Atoms cooled to near absolute zero show collective wave-like behaviour — known as Bose-Einstein condensation — and the propagation of these quantum matter waves is also influenced by disorder. For an earlier paper, team-members Tomasz Karpiuk, Benoît Grémaud, Cord Müller and Christian Miniatura from CQT, with collaborator Nicolas Cherroret, performed detailed numerical and analytical calculations for a phenomenon known as "coherent back-scattering" (CBS), which heralds 'weak localisation', the precursor of Anderson localisation in a weakly disordered medium.

It has been known for a long time that interference enhances the probability that a travelling wave will be scattered backwards, giving rise to a single coherent back-scattering (CBS) peak. CBS signals are routinely used to measure the phase coherence of waves as vastly different as electronic, electromagnetic, acoustic and seismic. The teams' ideas about how a CBS peak in the velocity distribution of cold atoms could be measured were published in Physical Review A.

Experiments carried out since at Institut d'Optique in Palaiseau, France, have borne out the predictions, as described in a recent paper highlighted in Physical Review Letters. "The proposed experiment was brilliantly realised by our colleagues from Palaiseau, and the data are just beautiful," says Cord.

The team has strong connections with France. Benoît and Christian are both researchers with the French national research organisation CNRS, who hold joint appointments in Singapore thanks to the creation in 2011 of an "International Associated Laboratory", the LIA FSQL, with CNRS and affiliated organisations. The LIA also supports Tomasz and new team member CQTian Lee Kean Loon, who joined the group to continue the research.

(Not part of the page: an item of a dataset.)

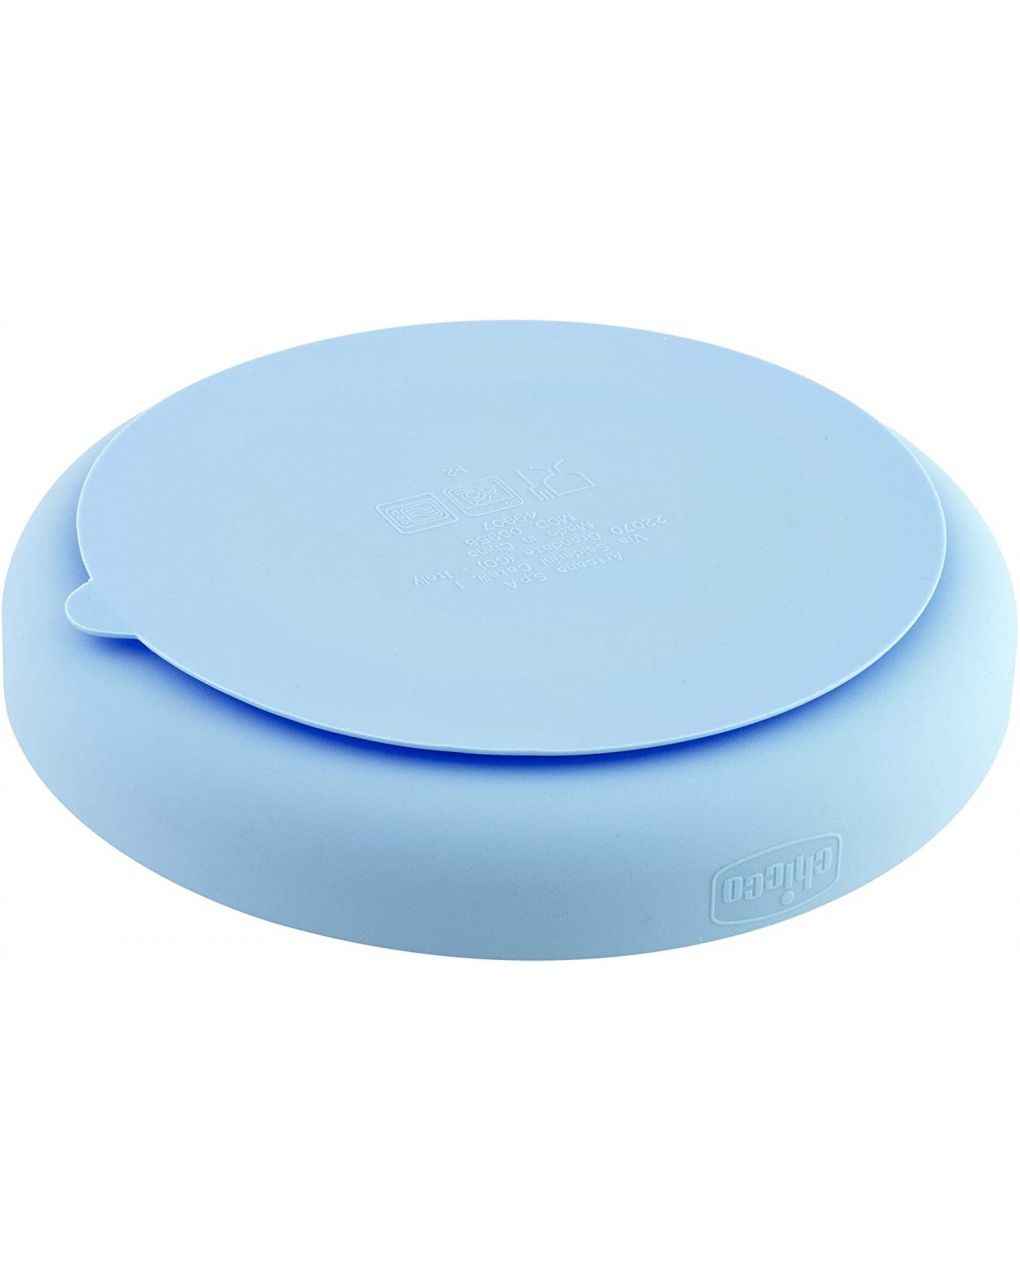 Placa de silicone com compartimentos com ventosa 12 meses + azul claro - Chicco

Extending the numerical simulations from the first paper to longer times and stronger disorder, the team discovered an unexpected second signal. On entering the strong localisation regime, a coherent forward scattering (CFS) signal appears and complements the CBS signal. Intuitively, the CFS peak in the wave's velocity distribution appears because net transport has to stop when Anderson localisation sets in. Enhanced back-scattering must therefore be compensated by an equal amount of enhanced forward-scattering. The team proposes a detailed theoretical explanation that is based on the interference already responsible for CBS. This explanation highlights the role of the so-called Heisenberg time scale associated with the localisation volume.

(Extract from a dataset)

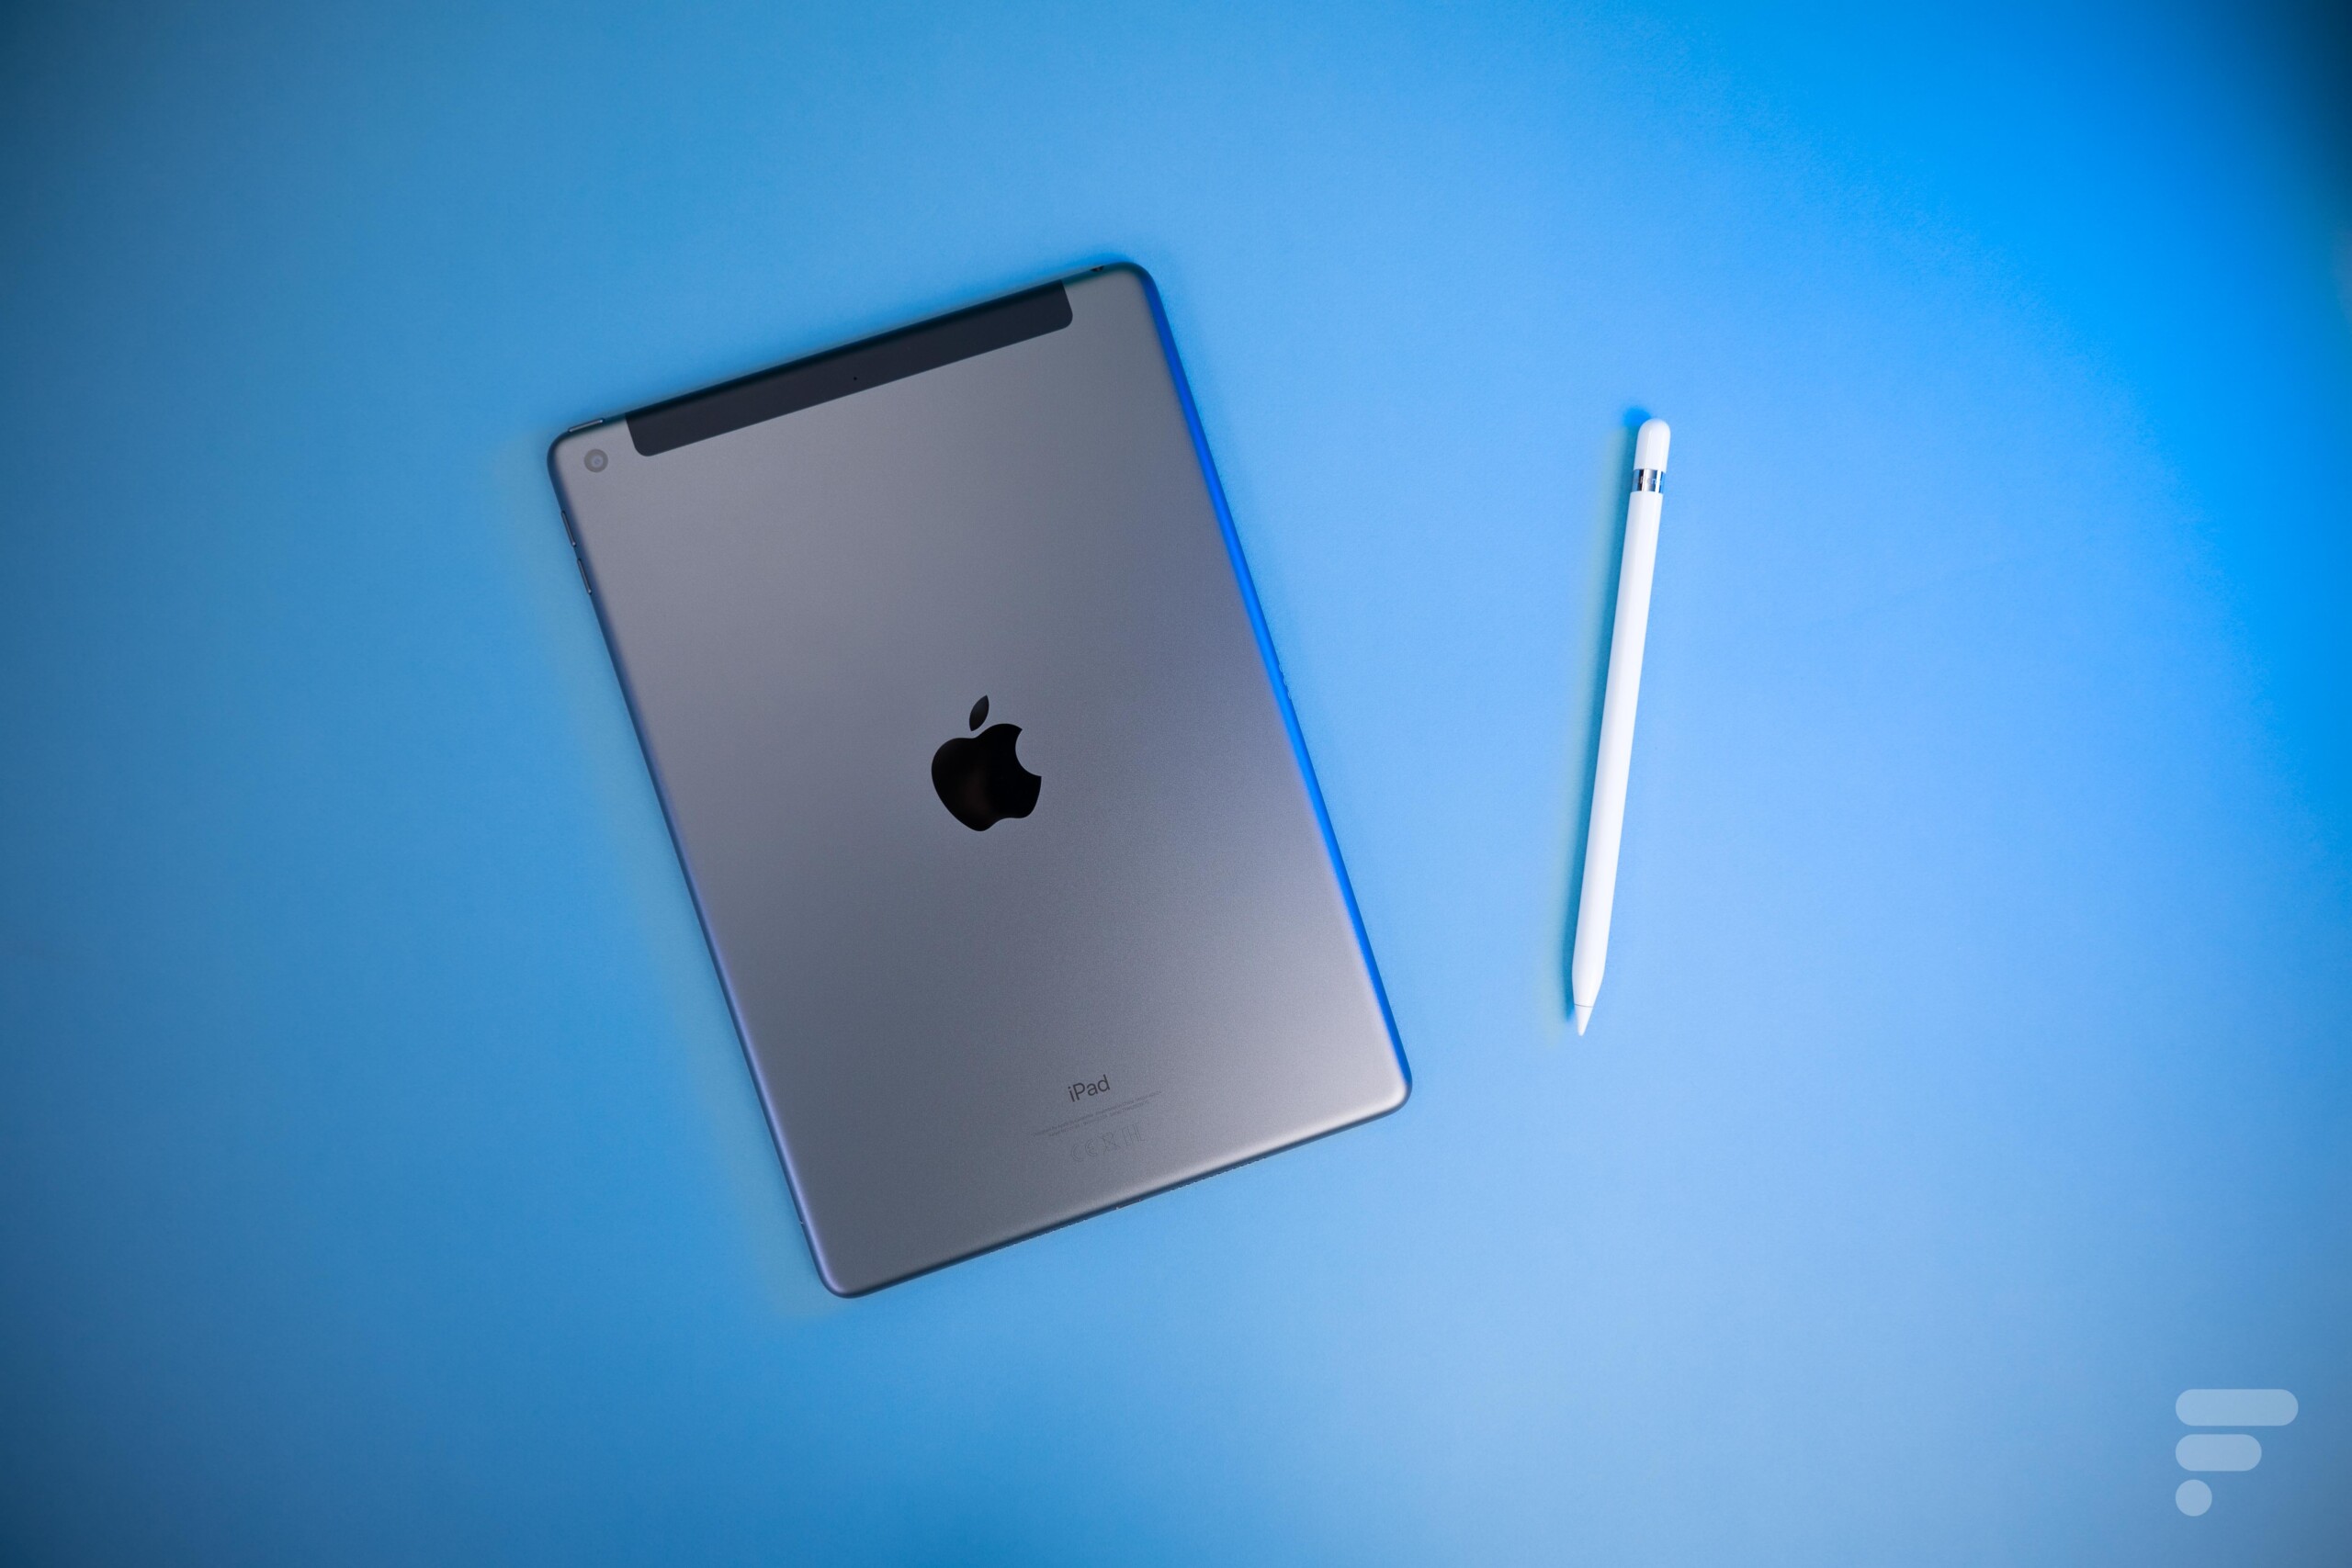 Acheter un modèle iPad 10,2 pouces Wi‑Fi 64 Go - Gris sidéral

The quick experimental observation of CBS with cold atoms makes the team confident that their new prediction will soon be tested with cold atoms. Also, experimentalists working with laser light that is scattered by strongly disordered media have expressed interest in this prediction and will try to search for the double-peak signal. The twin peak signal promises to provide new insights into how waves move when they localise.